Even still, the economics of autonomous trucks is complex. Removing the driver can lead to significant savings, but those gains must be shared among fleets, OEMs and autonomous technology providers, Rittstieg said.

Beyond autonomy, OEMs are focusing on software-defined vehicles, or SDVs, and agentic AI to increase efficiency and boost revenue.

Automating development, validation and administrative processes is seen as a near-term opportunity, while longer-term value lies in improved customer insight and aftermarket monetization.

The hope is that software platforms will lead to future sales.

“There is the idea that they will drive solution roles, that they will provide stickiness with customers and eventually lead to monetization after the point of sale, which is essentially what the OEMs are looking for when they look at future profit pools,” Schneiderbauer said.

Today, McKinsey estimates OEMs capture about “$1 out of $3” spent on a truck over its life cycle, more in early years and less later on. Increasing aftermarket share through connectivity, predictive maintenance and bundled services could drive that much higher.
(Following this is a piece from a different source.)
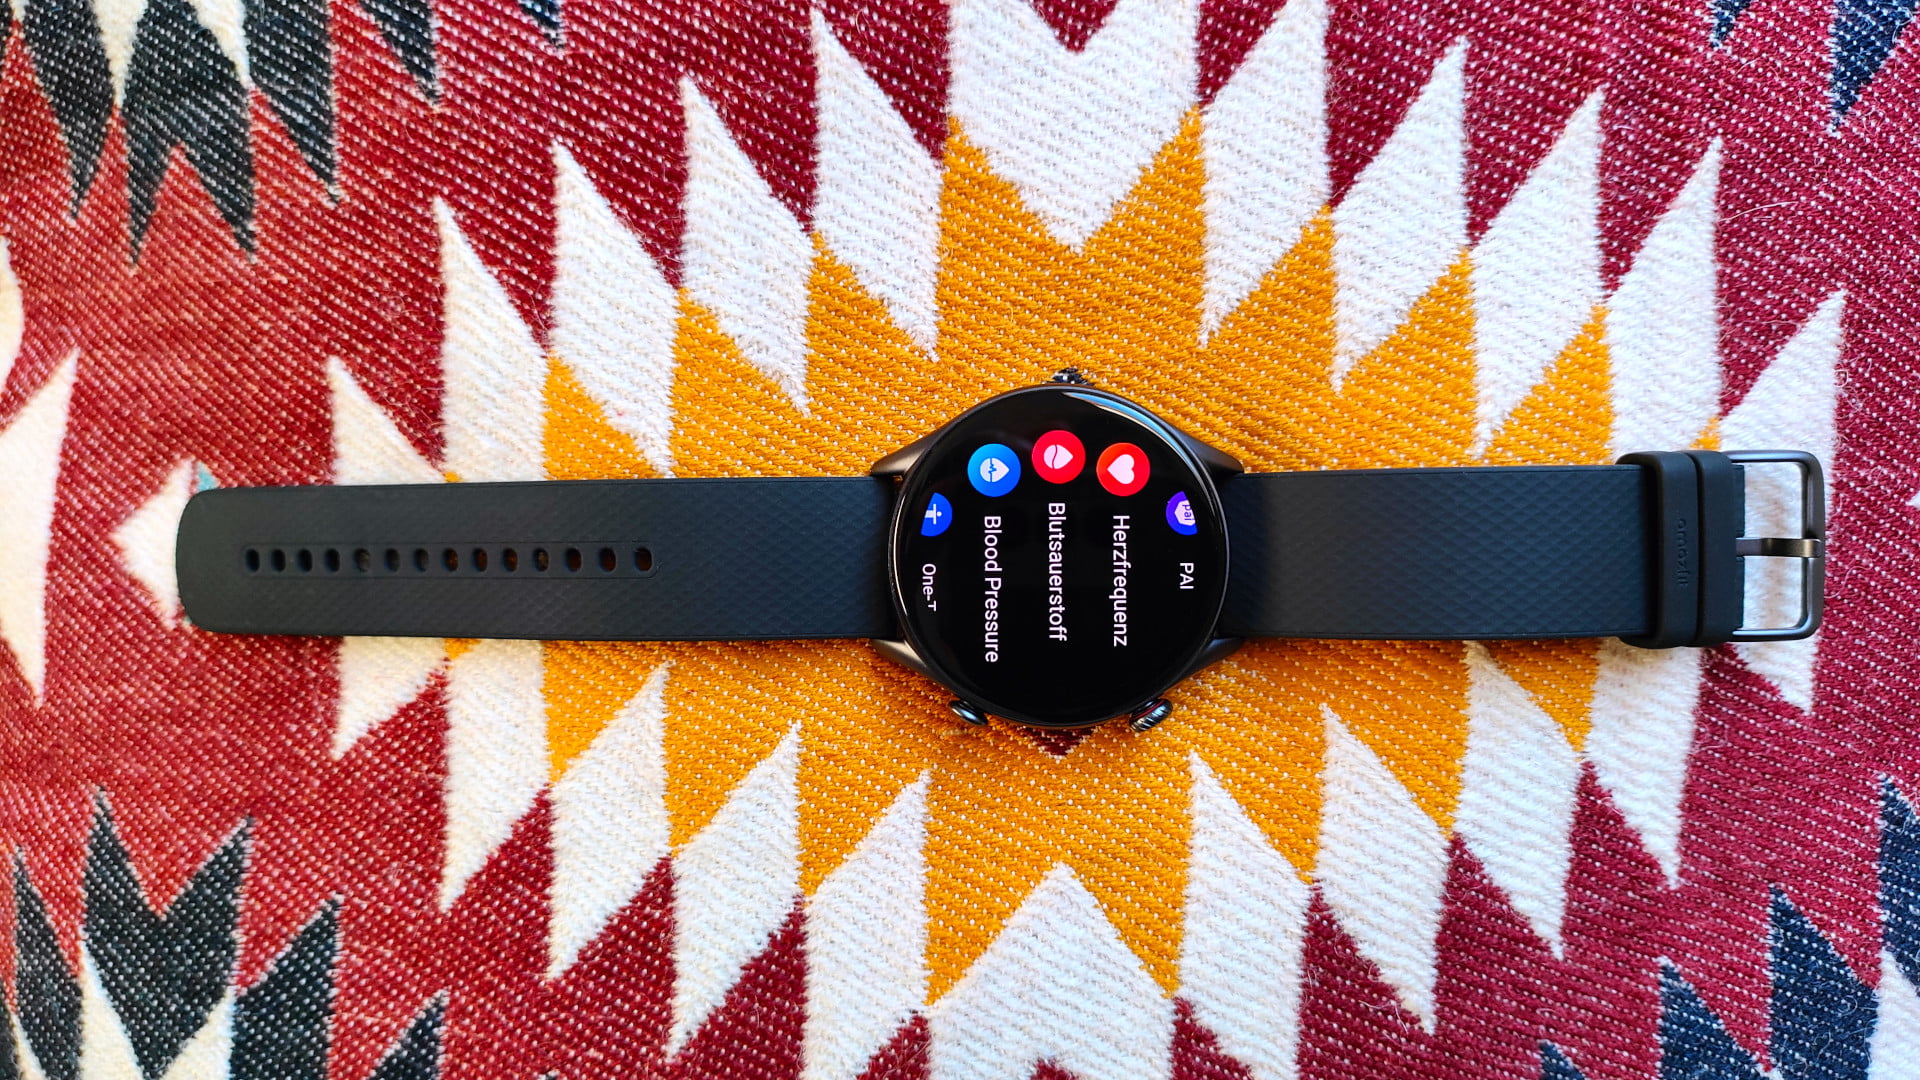 Amazfit GTR 3 Pro review - the most powerful Amazfit smartwatch to

Even though near-term conditions remain difficult, Rittstieg said the U.S. remains the most attractive global truck market, and McKinsey projects North America will be the fastest-growing large market through 2035.

“When it comes to profit pools, this is the market you want to be in,” he said, adding that OEMs are likely to prioritize North American sales. “So I’m still pretty bullish on the U.S. as a market.”

In addition to fleets’ replacement cycles kicking off in the second half of 2026, McKinsey expects aftermarket parts and services to remain strong throughout the year.